Be safe and wise when celebrating, my dear ones, and have lovely holiday season!

I’m Late, I’m Late, For A Very Important Date

13 Nov

Alice Wintergarden read me the riot act this morning, chiding me for arriving late to a drinks party she held last evening.

First off, yes, I was late last night, but at least I wasn’t wearing an inappropriately low neckline on an exceedingly unattractive blouse. Perhaps we should all look a bit closer to home for party faux pas before we start judging me, dear Alice.

Secondly, I did not come late to the party to be “fashionable.” Ignoring arrival guidelines is not a game I play. Unfortunately, a rather dramatic occurrence took place just as I was heading out to the car (the specifics of which I am afraid for both legal and moral reasons I cannot detail to any outside parties at the moment), and I was forced to immediately deal with this crisis. If anything, I’d have thought Alice would have been thanking me for giving her the gift of my presence at all, as god knows (and several other guests testified) that it was a dreadfully tired event before I showed up. But some people are just like that.

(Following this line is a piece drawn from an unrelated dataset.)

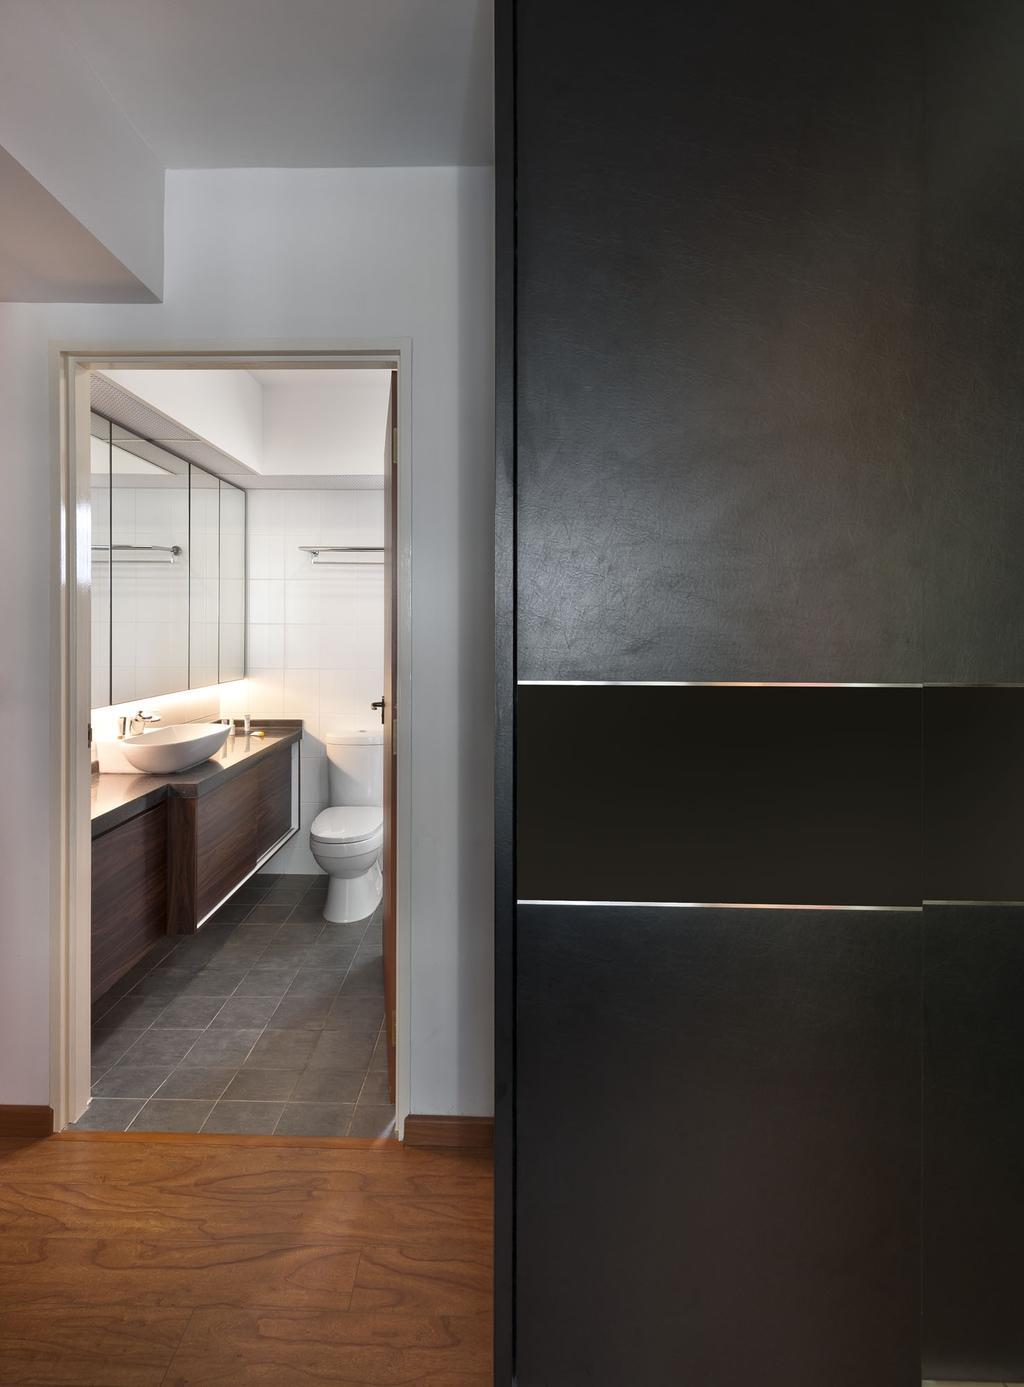 Transitional, HDB, Bathroom, Punggol Drive, Interior Designer, D5 Studio Image, Tiles, Wood Flooring, Vanity, Simple, Plain, Toilet, Indoors, Interior Design, Room

As we are nearing the holiday season, no doubt all of our calendars will soon be filling up with invites to parties and requests from the headmaster of the local boys’ school to dress as Mrs Claus (for the school’s Christmas pageant, I presume). Here are a few tips to help get you through this busy time:

  • It is important to be prompt for any engagement, for good manners are the backbone of any social occasion. But do keep this suggestion in perspective.
  • Take a gift, even if your hosts request no gifts. In fact, especially if they request no gifts. They only do this to look humble or “environmentally conscious,” but the cold, hard truth is that everyone likes prezzies, no matter how frivolous, wasteful or damaging to Mother Earth they may be. Hosts should be forced to acknowledge this fact.
  • Never be the first or last to leave the party.
  • Mingle with as many different people as you can tolerate but never ever allow yourself to be photographed with strangers. If you do, you can guarantee said photograph will be stuck into Round Robin letters and the thought of that is so upsetting that it still turns my stomach eight years later.
  • If more than two dozen ex-lovers are also at the party, keep your stay to under thirty minutes.

Finally, please let me advise that if you are the one hosting the get-together, it’s important to remember two things: be grateful I came in the first place and don’t dress like a whore.